Let's get a sense of how randomization tests work.
Say that in an experiment, participants are put in a happy vs sad mood and then they go shopping. Happy participants spend $1.20 more on average. To compute a p-value for this mean difference we could use a t-test, but we could also use a randomization test. For the latter, you randomly shuffle the condition column (Happy vs. Sad); see the gray columns in the table on the right above. A datapoint from a participant in the happy condition can be re-labeled as sad, or stay happy, at random. You then compute the mean difference between the shuffled "happy" vs "sad" conditions. For example, the first shuffle leads "happy" and "sad" participants to, coincidentally, have means of $3.10, for a mean difference of $0. You repeat this shuffling process, say, 10,000 times. You then ask: what % of the 10,000 shuffled datasets obtained a mean difference of $1.20 or more? That's your randomization test p-value [3].
Robust Standard Errors
Many readers know that "heteroskedasticity" describes something that can go wrong with a regression. In a nutshell, the problem is that the regression formulas assume that all observations are equally noisy, but in some situations some observations can be systematically noisier than others, creating a problem. To intuitively think of heteroskedasticity let's think about wine and academics. When professors buy a bottle of wine, sometimes they spend a lot, and sometimes they spend little. When PhD students buy a bottle of wine, they always spend little. Professors' wine spending is thus systematically noisier than student wine spending. So wine spending is heteroskedastic.
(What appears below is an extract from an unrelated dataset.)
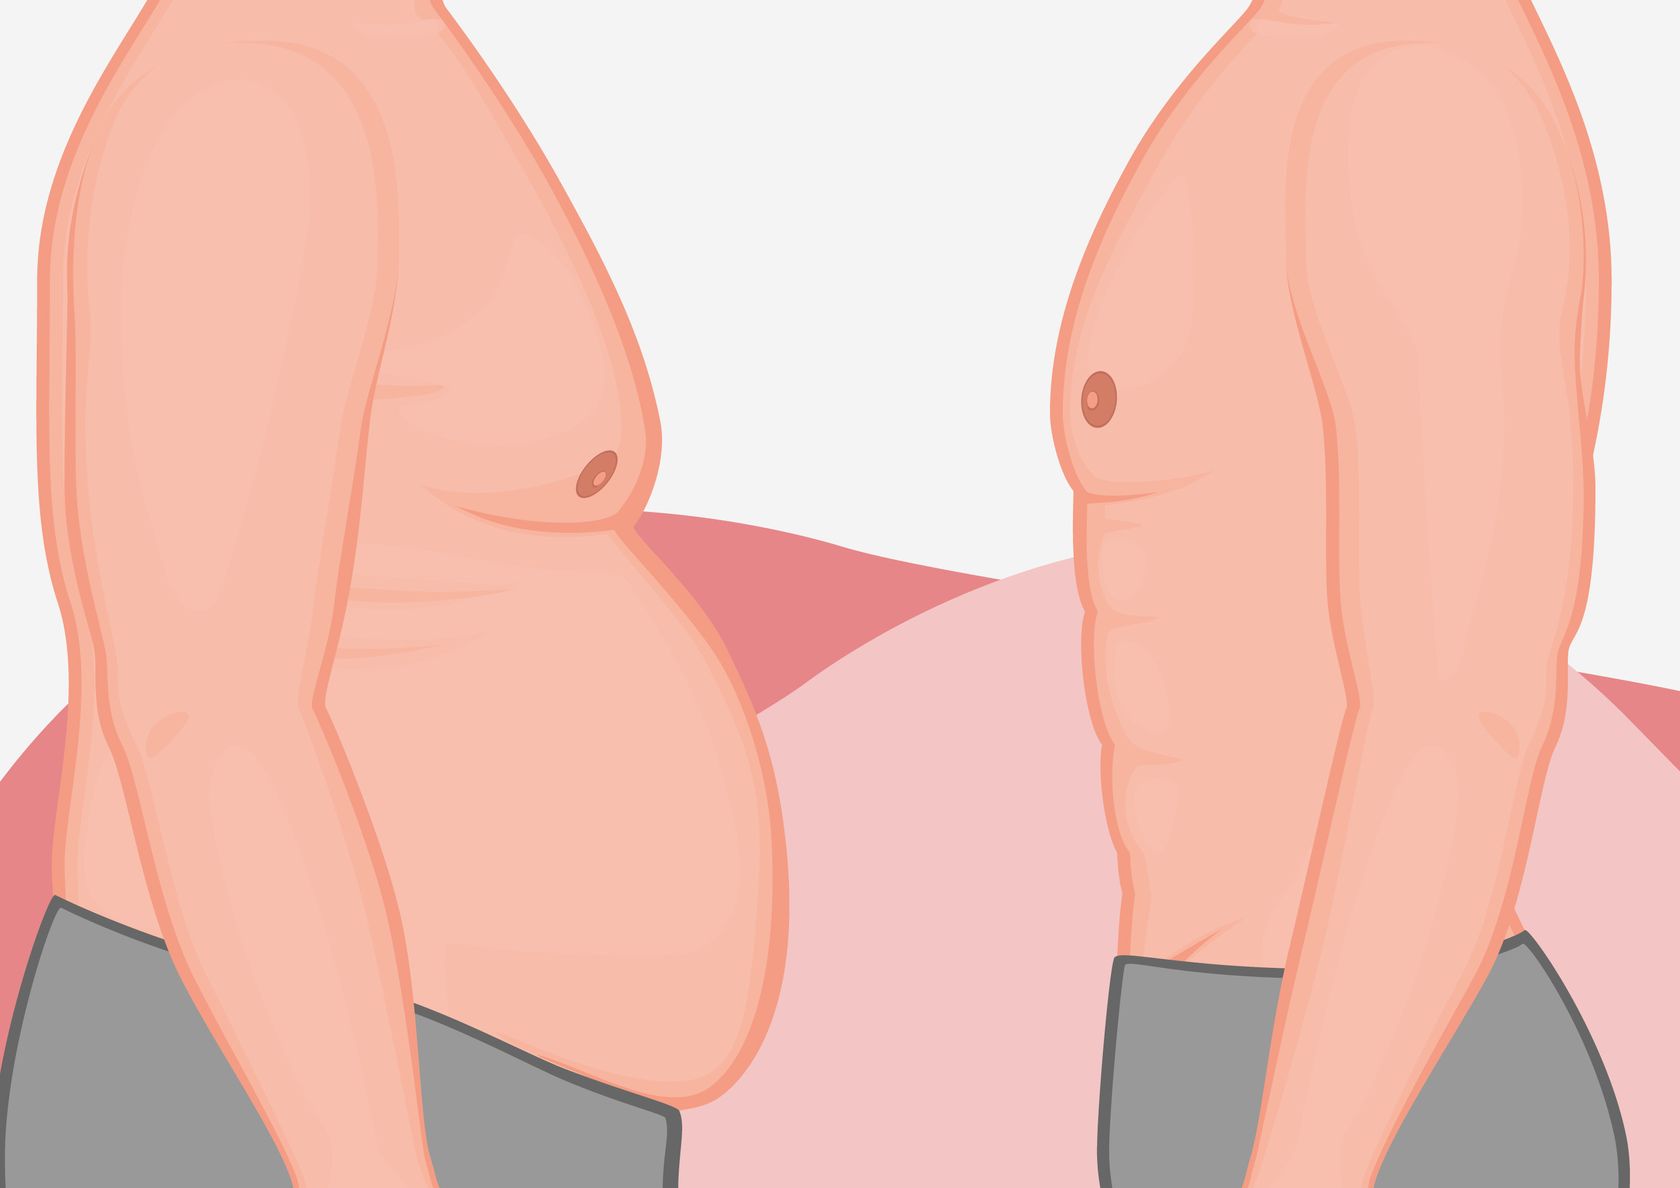 Illustration links übergewichtiger Körper rechts schlanker Körper

With heteroskedasticity, regression standard errors tend to be wrong, and thus p-values tend to be wrong.
The solution to incorrectly assuming all observations are equally noisy is to not assume that all observations are equally noisy, and to instead estimate how noisy each observation is. This is done by calculating robust standard errors, which are robust to heteroskedasticity.
Robust standard errors were developed surprisingly late in the history of statistics. White (1980) had the first major insight, and then MacKinnon & White (1985) developed what are today's most popular approaches to computing robust standard errors (See MacKinnon's (2013) review of the first 30 years of robust & clustered SE).
Note: the previous paragraph was added two weeks after this post was first published (also switching STATA->Stata). See the original version (.htm).
In any case, there are now five main ways to compute robust standard errors.
Stata has a default way, and it is not the best way.
In other words, when in Stata you run: reg y x, robust you are not actually getting the most robust results available. Instead, you are doing something we have known to be not quite good enough since the first George W Bush administration (the in-hindsight good old days).
The five approaches for computing robust standard errors are unhelpfully referred to as HC0, HC1, HC2, HC3, and HC4. Stata's default is HC1. That is the procedure the QJE article used to conclude regression results are inferior to randomization tests, but HC1 is known to perform poorly with 'small' samples. Long & Ervin 2000 unambiguously write "When N<250 . . . HC3 should be used". A third of the simulations in the QJE paper have N=20, another third N=200.
So, the relevant question to ask during the (first) Biden administration is whether randomization is better than HC3 (Narrator: it is not).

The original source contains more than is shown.